#### Problem requirements:
The pictures must be left out, while the rest of the data is copied exactly.

#### Given information:

/---

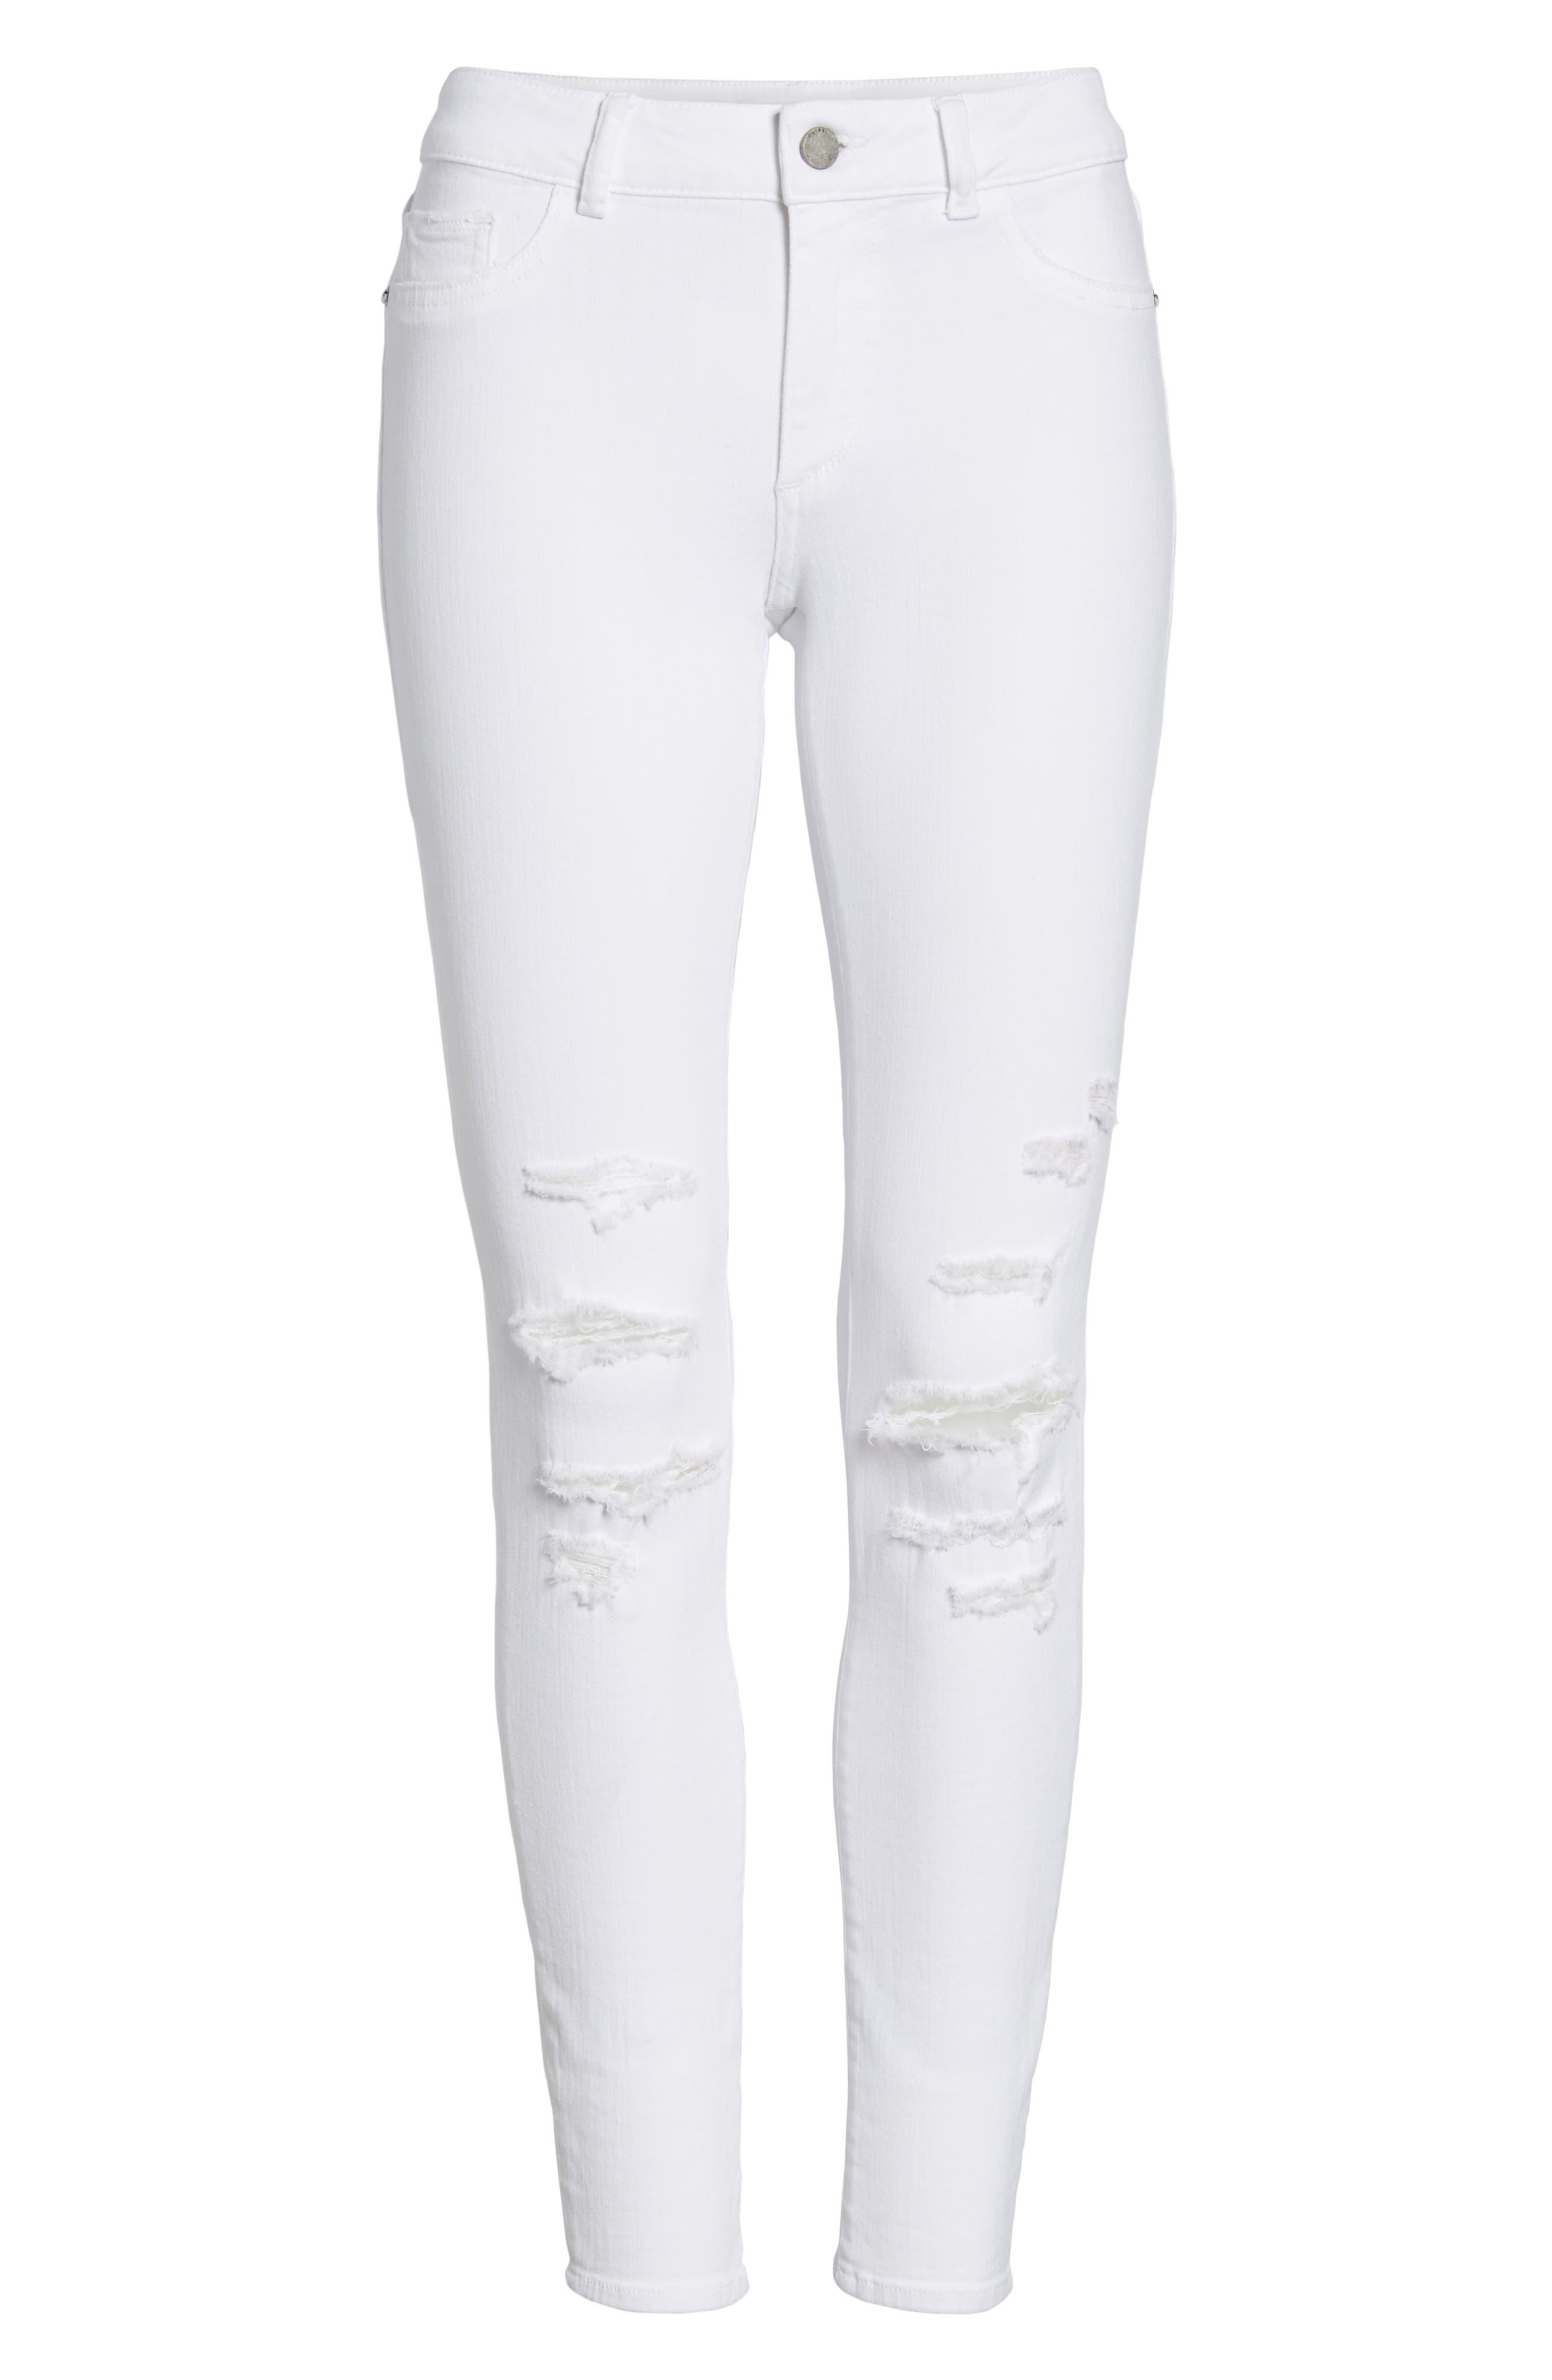 Emma Power Legging Jeans,                             Alternate thumbnail 7, color,                             Dawson
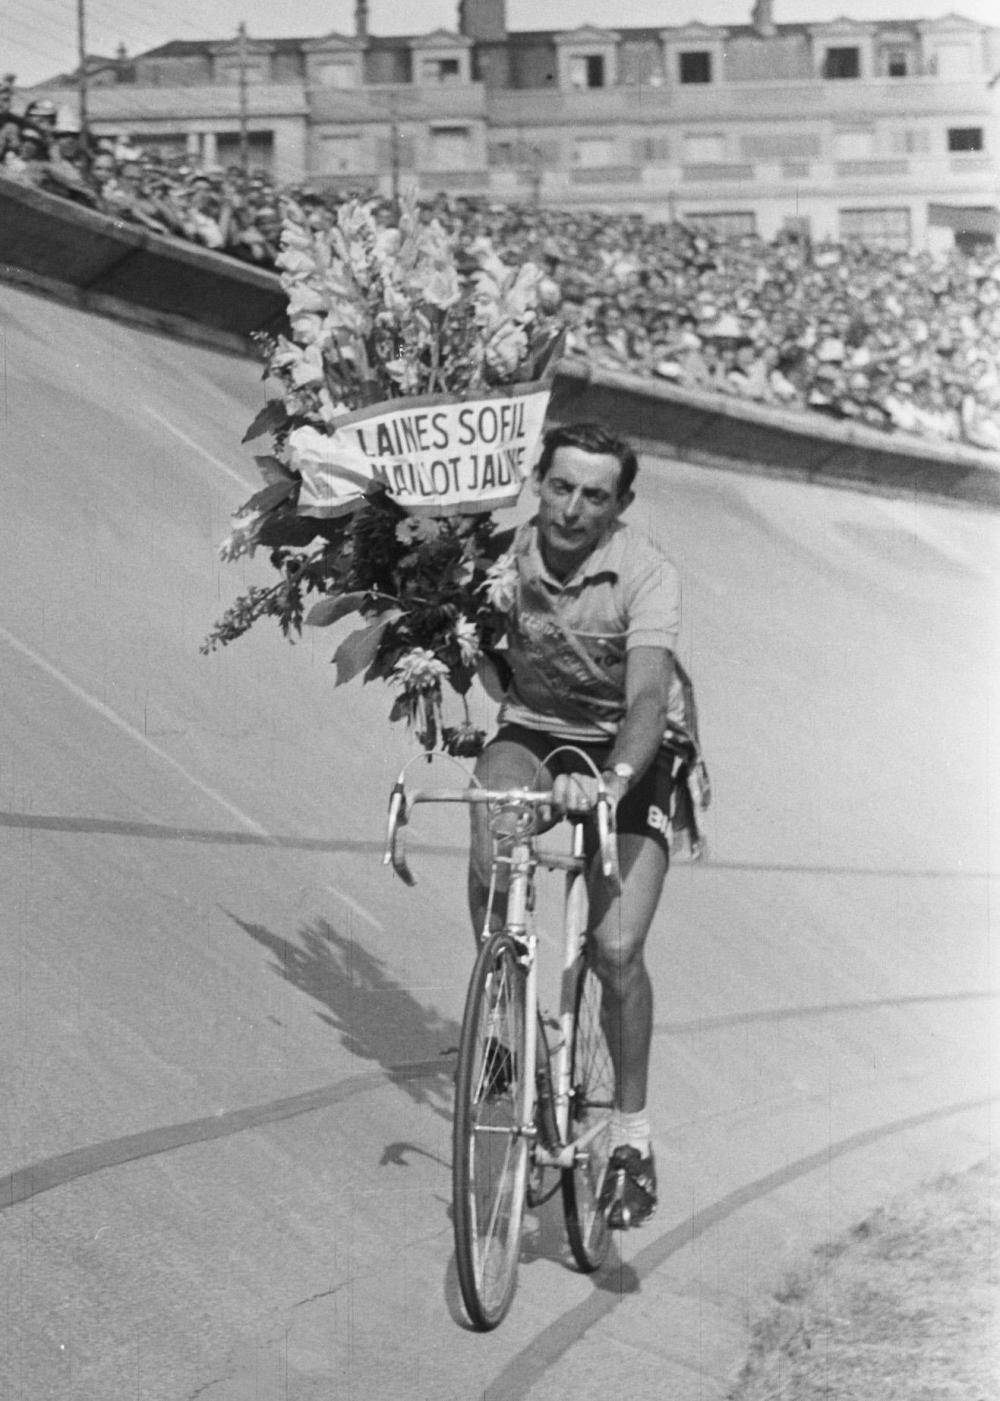 1133247174_Fausto_Coppi_Tour_de_France_1952_02.thumb.jpg.a5b6fc4928ffb5f3e7f6277284fe1665.jpg
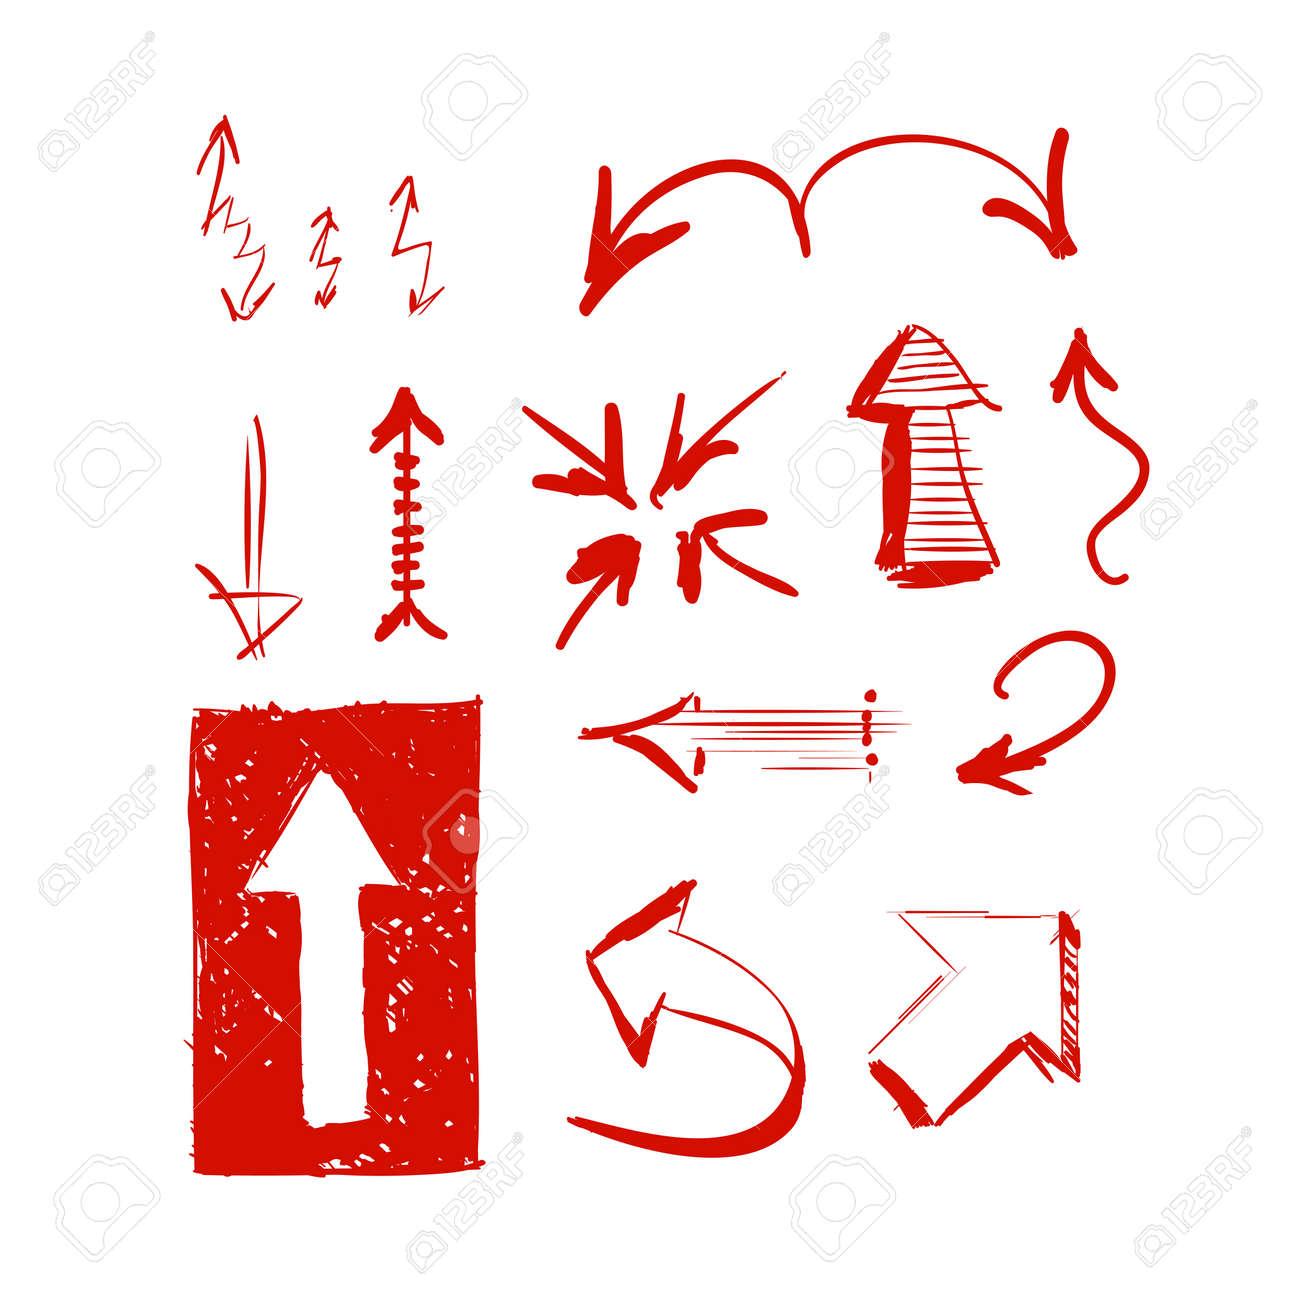 hand drawn highlighter elements vector arrows royalty free cliparts rh 123rf com vector arrows free vector arrows free download

\---

#### Written response:
 Emma Power Legging Jeans,                             Alternate thumbnail 7, color,                             Dawson
 1133247174_Fausto_Coppi_Tour_de_France_1952_02.thumb.jpg.a5b6fc4928ffb5f3e7f6277284fe1665.jpg
 hand drawn highlighter elements vector arrows royalty free cliparts rh 123rf com vector arrows free vector arrows free download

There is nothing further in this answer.